Die Manufaktur in Wales hat sich einen Namen mit der Restaurierung von edlen Erzeugnissen von Rolls-Royce, Jaguar und Aston Martin gemacht. Seit über 30 Jahren sind sie bereits in dieser Branche tätig. Den Höhepunkt des Schaffens von Racing Green Engeneering stellt der Bau von historischen Fahrzeugen dar, den die Firmeninhaber selbst "Rekreation" nennen. Also ein dritter Weg zwischen Neubau und Kopie. Nach alten Plänen, mit alten Werkzeugen und alten Materialien wird ein altes Auto auf die Räder gestellt, das so auch vor 80 Jahren gebaut worden wäre. Mit kleinen Abstrichen: Die Maschine ist zwar wie beim Original ein Achtzylinder-Reihenmotor mit monströsen 5,75 Litern Hubraum, wurde aber mit einer modifizierten Vergaserbatterie ausgestattet. Zudem gibt es eine moderne Zündanlage inklusive Lichtmaschine, die aber unter einem historisch korrekten Chromkasten versteckt ist. Die elektrische Anlage basiert auf zwölf Volt (damals waren es sechs Volt ohne Lichtmaschine!), überdies sind in die altmodischen freistehenden Rundscheinwerfer taghelle Halogen-Glühlampen eingebaut. Die Ventilsitze sind gehärtet, folglich verträgt der Motor auch bleifreies Superbenzin. Doch ansonsten ist der Bentley alles andere als gezähmt: Der R8 mit etwa 165 PS beschleunigt das nur 1,7 Tonnen schwere Auto auf mehr als 180 km/h. In Kombination mit den schon erwähnten Trommelbremsen und blattgefederten Hinterachsen ist das wirklich ein Ausflug in die Kindertage des Automobilbaus – und kann bei unsachgemäßer Bedienung auch schnell ein Ausflug in den Straßengraben werden.
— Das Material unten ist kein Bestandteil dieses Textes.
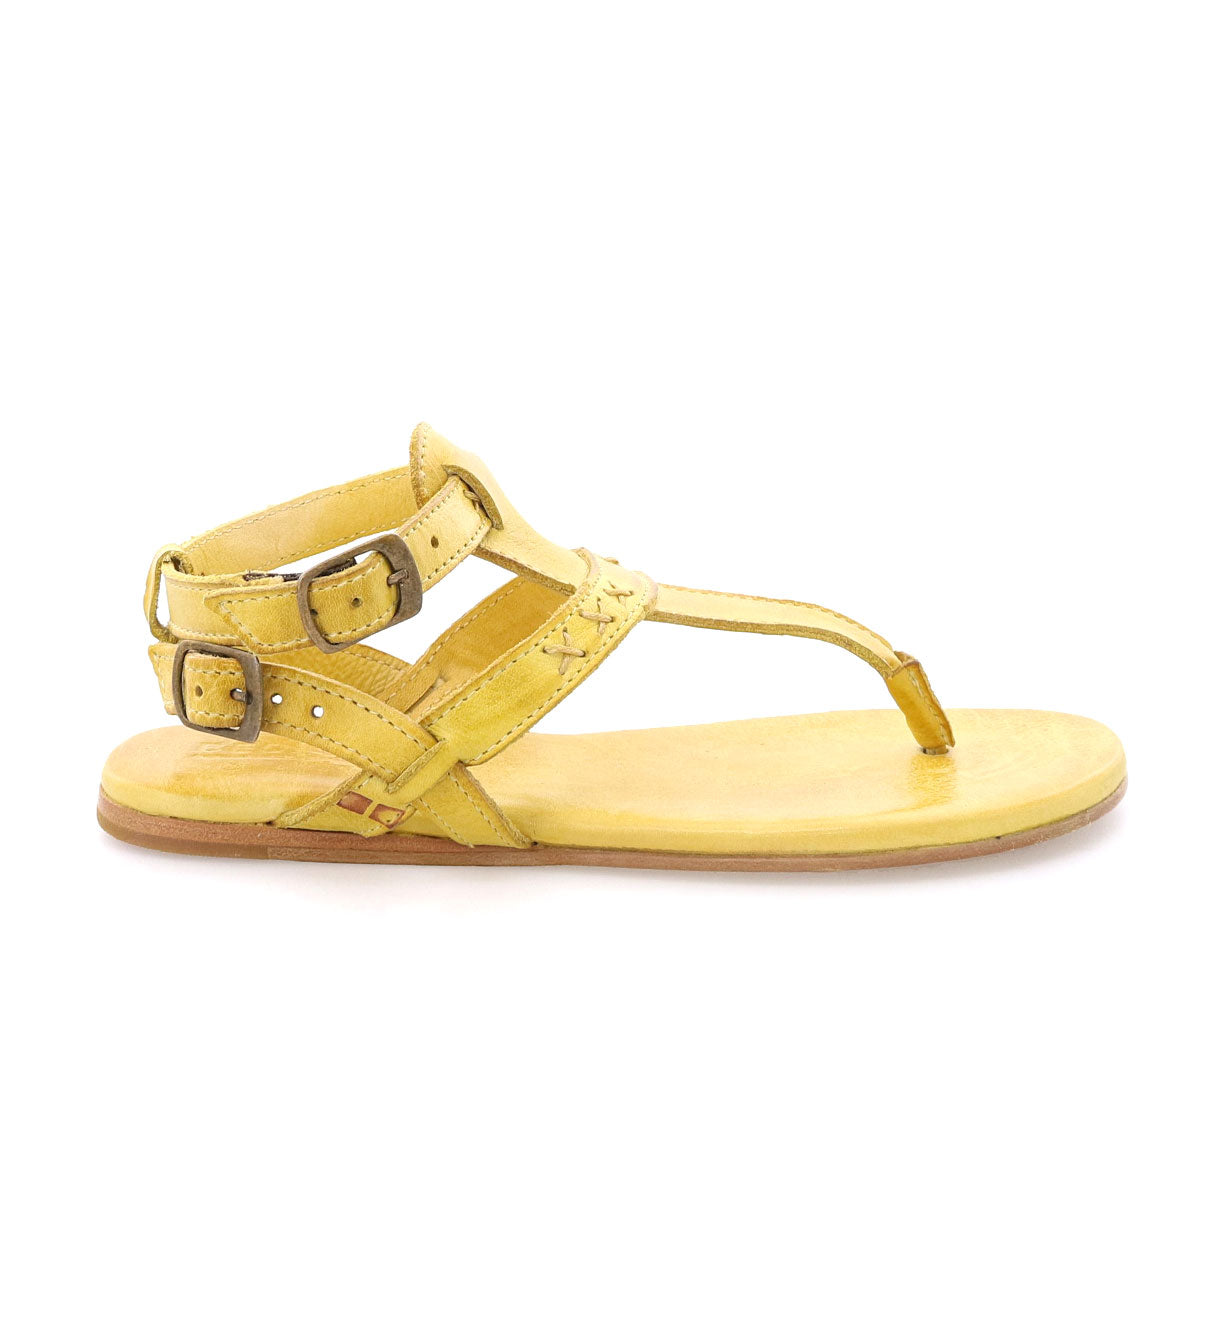 A pair of Moon yellow sandals with buckles and straps by Bed Stu.

Handling wie ein Vierspänner, Verbrauch wie ein Panzer

"Man muss beim Schnellfahren unbedingt Abstand halten", rät der Verkäufer. Es gibt weder Bremskraftverstärker noch Lenkhilfe, von ABS oder ESP ganz zu schweigen. Der erste von vier Gängen ist unsynchronisiert, muss also mit Gefühl eingelegt werden. Auch ansonsten fährt sich der Bentley eher ungewohnt: Handling wie ein Vierspänner, Wendekreis wie ein Lkw, Verbrauch wie ein Panzer – wer so ein Auto nutzt, tut es wie die Herrenfahrer des Empire der 30er: Mit Lederhandschuhen, roher Kraft und zum puren Vergnügen. Dass es auch wirklich ein Bentley ist und keine verwässerte "Soße nach Art...", verdankt Racing Green dem toleranten Verwalter der Bentley-Hinterlassenschaft: Hüter der glorreichen Historie ist nämlich der Bentley Drivers Club – die Marke selbst wurde 1998 vom VW-Konzern gekauft. Der Club führt das Register aller Bentleys bis Übernahme weiter, in das auch die rekreierten Autos mit Hilfe eines kleinen Tricks aufgenommen werden: Das Chassis von 1951 besitzt eine solche Registernummer. Das "rettet" den Titel und erlaubt Racing Green, seine Produkte mit Bentley-Logo zu garnieren. Wer jetzt befürchtet, die Manufaktur überschwemmt den Markt mit Nachbauten, sei beruhigt: Fünf Jahre basteln die Gentlemen in Wales an einem Le Mans Eight, die Lieferzeit beträgt derzeit knapp zehn Jahre... Damit ist die Arbeit der ehrenwerten Stellmacher, Dreher und Blechschmiede folglich eher dem Kunsthandwerk zuzuordnen. Und das erklärt auch den aufgerufenen Preis für diesen alten und zugleich neuen Oldtimer.